Keywords: Osteoradionecrosis, Osteonecrosis, Therapy, Review
Resumo
Introdução
A osteonecrose da mandíbula pode resultar da radiação utilizada na radioterapia para tratamento de tumores malignos ou medicamentos utilizados para remodelação óssea e antiangiogênese, como os bifosfonatos. Essas condições podem ser associadas a fatores desencadeantes, como infecção, trauma e diminuição da vascularização. O tratamento de pacientes com osteonecrose mandibula requer cautela, pois não existe um tratamento específico que atue de maneira isolada e decisiva. No entanto, diferentes modalidades de tratamento podem ser empregadas de forma associada para controlar e estabilizar lesões.
Objetivo
Revisar os conhecimentos atuais sobre a etiologia e o tratamento da osteonecrose da mandíbula, tanto induzidos por radiação quanto relacionados à medicação, visando melhorar o conhecimento dos profissionais buscando a qualidade de vida de seus pacientes.
Método
Revisão de literatura na base de dados PubMed, bem como pesquisa manual de publicações relevantes na lista de referência de artigos selecionados. Foram selecionados e analisados artigos em inglês publicados de 1983 a 2017, que avaliaram osteonecrose da mandíbula como seu principal objetivo.
Resultados
Infecções, traumas e diminuição da vascularização são fatores desencadeantes da osteonecrose da mandíbula. Medidas profiláticas e/ou estabilizadoras podem ser utilizadas em associação com modalidades terapêuticas para o tratamento adequado de pacientes com osteonecrose mandibular.
Conclusão
Selecionar uma terapia apropriada para o tratamento de osteonecrose da mandíbula com base na literatura atual é uma decisão racional que pode ajudar a estabelecer a um plano de tratamento adequado.
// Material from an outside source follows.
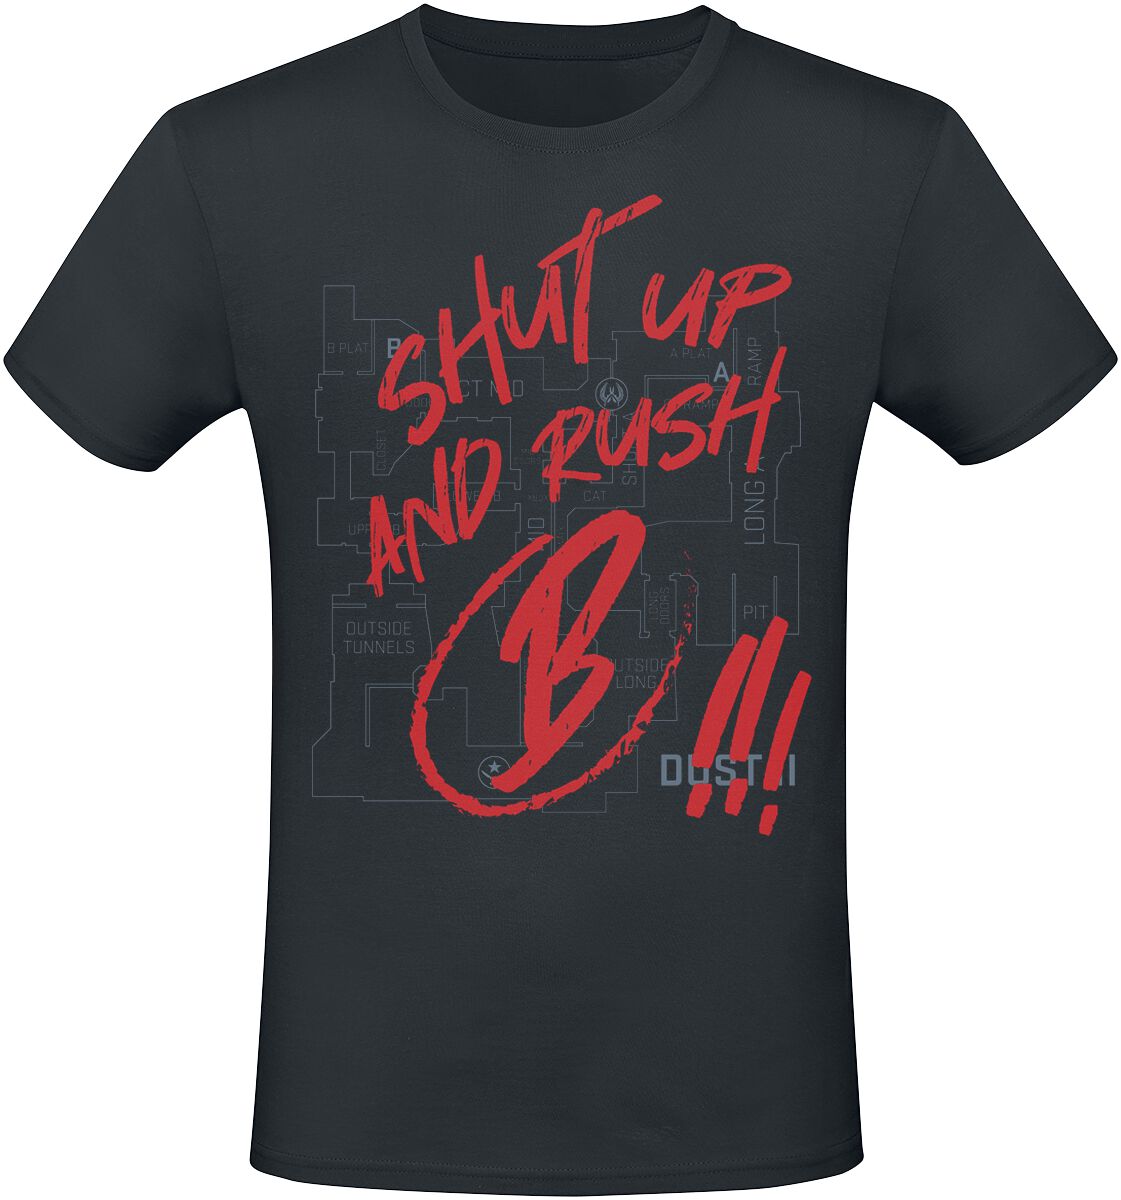 Counter-Strike 2 - Shut Up And Rush B !!! T-Shirt schwarz in M

Palavras-chave: Osteorradionecrose, Osteonecrose, Terapia, Revisão
Introduction
Osteonecrosis was first described as a consequence of ionizing radiation used in the treatment of malignant tumors.1 Later, osteonecrosis was discovered as a result of the continued use of some medications from the class of bisphosphonates (BPs)1, 2 and more recently as a result of the use of drugs that act on bone remodeling and anti-angiogenesis.3
Radio-induced osteonecrosis is called osteoradionecrosis (ORN), and is defined as exposure of necrotic bone that persists for over three months in a previously irradiated area receiving ionizing radiation above 50 Gy and is not caused by tumor recurrence.4
In turn, medication-related osteonecrosis of the jaws (MRONJ) is also defined clinically by exposure of necrotic bone, but the following characteristics should also be present: (a) patient should be in treatment or have undergone prior treatment with antiresorptive or antiangiogenic agents; (b) presence of exposed bone, or bone that can be probed via intra and extraoral fistula which persists for more than eight weeks; and (c) no history of radiotherapy (RT) or metastatic lesion evident in jaws.2 However, clinical manifestations without bone exposure, such as deep periodontal pocket, loose tooth, trismus, hypoesthesia/numbness of lower lip (Vincent's symptom) and non-odontogenic pain could be either classified as non-exposed MRONJ.3
Dentists should be able to act in prevention, early diagnosis and rehabilitation of patients with osteonecrosis of the jaw (ONJ). Therefore, the present article aims to present a concise review regarding etiology and treatment of ONJ, both radio-induced as well as medication-related, to improve professionals seeking improved quality of life of their patients on the basis of the current knowledge.
Objective and methods
A PubMed search using “osteoradionecrosis”, “osteonecrosis”, “therapy”, “MRONJ”, “jaws” as a term was made from May 1983 to April 2017. Additional papers were included based upon the original literature search and references in the selected papers. Papers about laboratory research, case series, as well as reviews of literature were also included.
Etiopathogenesis
Osteoradionecrosis
Delanian and Lefaix (2004) postulated that ionizing radiation possibly leads to tissue injury by creating a local inflammatory process, in addition to causing the death of osteoblasts and preventing the repopulation of cellular components of bone. These events result in a fibrotic bone with a reduced number of vascularized and viable cells.5 This weakened tissue has a high potential risk for developing ORN and the occurrence of minimum chemical or physical trauma can trigger a late inflammatory response that leads to tissue necrosis.4
However, ORN may occur spontaneously without local trauma or infection. The high radiation rates, which patients with head and neck cancer are submitted to, are sufficient for the occurrence of bone necrosis.1 Thorn et al. (2000) reported 23 cases (29%) of spontaneous ORN, mostly asymptomatic, with only a slight dehiscence of the oral mucosa. Thus, the authors emphasized the importance of identifying early-stage ORN and listed other risk factors such as: trauma by prosthesis, surgery and extraction, 3%, 14% and 55% of cases, respectively.6 Moreover, dental implants must be considered a potential risk factor for development of ORN, since the irradiated area undergoes serious cellular and tissue damage. The condition of the host for receiving an implant is not only unfavorable but also contraindicates such invasive procedures.1, 7
Medication-related osteonecrosis of the jaws
The known drug participants in etiology of ONJ are antiresorptive and antiangiogenic agents used in antitumor therapy and for treating in various diseases.8 These drugs cause a decrease in bone remodeling capability.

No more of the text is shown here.